Can I get solution for job related web scrawling from SEEK,INDEED?

Tirth
Tirth New Altair Community Member
edited November 5 in Community Q&A
Hi ,
I am doing research on job skills assessment as academic project.
I am looking for web crawling script or solution  for Job post details like job roles,location,skills and knowledge from job portal web sites like Indeed, Seek.Kindly help me in this matter.

Answers

  • rfuentealba
    rfuentealba New Altair Community Member
    Hi Tirth,

    There are plenty of things you can do:
    • Use the Get Pages operator from RapidMiner.
    • Use Python Extension and program your own script with scrapy (It's easier than what you think)
    • Use Python Extension and program your own script with Selenium Web Browser and BeautifulSoup (it's harder to do and requires some more software but has better results if your pages are generated with JavaScript).
    • Use a tool named "Sitesucker" and configure it to retrieve the data into RapidMiner. Then you can analyze the data inside RapidMiner coming from files.
    This is what I could come up with.

    All the best,

    Rod.
  • Tirth
    Tirth New Altair Community Member
    Many thanks for your answer. Actually, I want to use the co-association rule for job data extraction.I am just new for rapid miner.Can you help me more?
  • Tirth
    Tirth New Altair Community Member
    Many Thanks!I need to retrieve the data for the job market (building information modeling sector related ) like job role, location(only in New Zealand), requirements like skills, knowledge and experience with using the co-association rule.I want to perform several analysis on extracted information like co-occurrences.
    I really appreciate you for helping me.
  • rfuentealba
    rfuentealba New Altair Community Member
    First things first:

    Have you downloaded the pages you want to scrape on? And, do you have some HTML knowledge? Let's build your database first. I already gave you several solutions you can count on to retrieve pages. Then we will go for other processes.

    What will you do to download your data?

    All the best,

    Rod.
  • Tirth
    Tirth New Altair Community Member
    Yes ,I downloaded pages which is supposed to scrap.What do you recommend to do first. Can you please explain it?
  • rfuentealba
    rfuentealba New Altair Community Member
    Hi @Tirth,

    If you have your webpages downloaded already, do you have these as files inside of a directory, files inside many directories, or as entries in a database?

    The first thing we need to do is to make these look like entries in a database (or in a RapidMiner Studio exampleset). For that, you need to do the following (Let's use just one file to build our process, then we will use loops to open all files, ok?).
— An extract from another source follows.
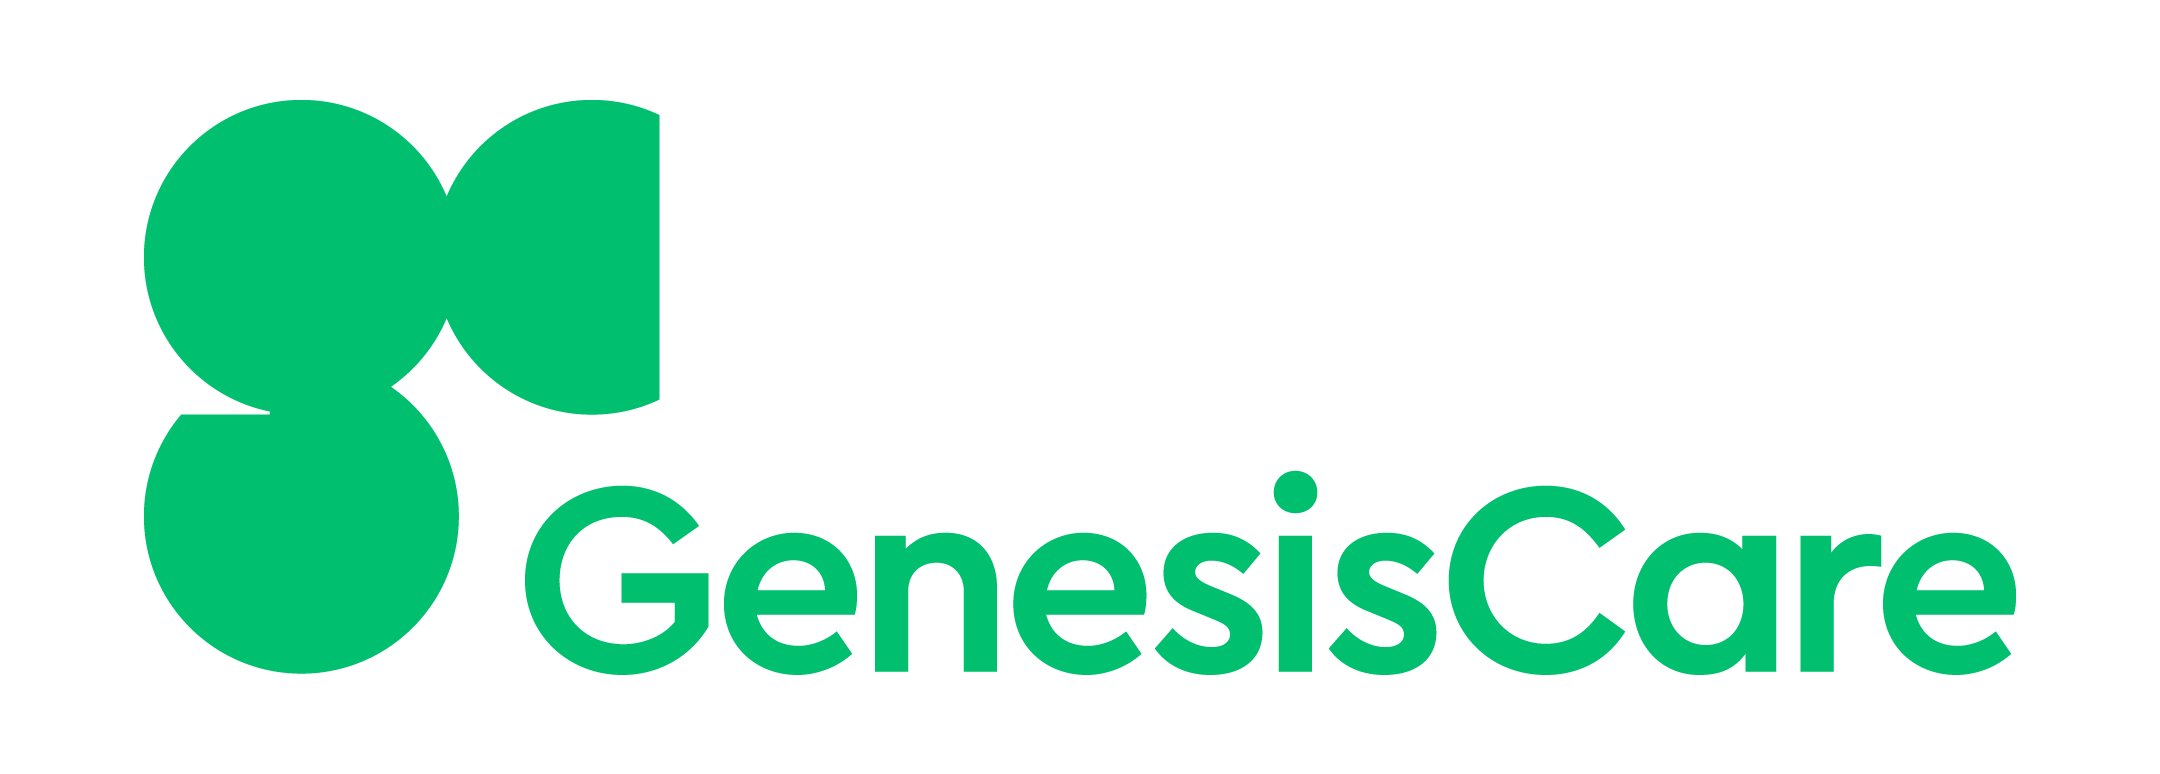 genesis care logo

    First, pick a file, open it with your browser, read the code and identify the HTML structure. You may help yourself with the "Inspect Element" feature of Firefox and Chrome. Are you able to identify, inside an HTML file, how the job offers are identified? An example:

    <div class="jo" id="14342">
        <h1>Data Scientist</h1>
        <h2>Boston, MA</h2>
        <p>RapidMiner, Inc., requires a Data Scientist with skills in a, b, c and d. For more information, contact Scott Genzer at the following e-mail.</p>
    </div>

    You then can know that if you read all the <div> elements with class jo, you can have all the divs that contain job offers, which is what we are looking for.

    BTW, I forgot: did you ask for permission to the website owners do this? Some of them don't really like users to crawl their webpages.

    All the best,

    Rod.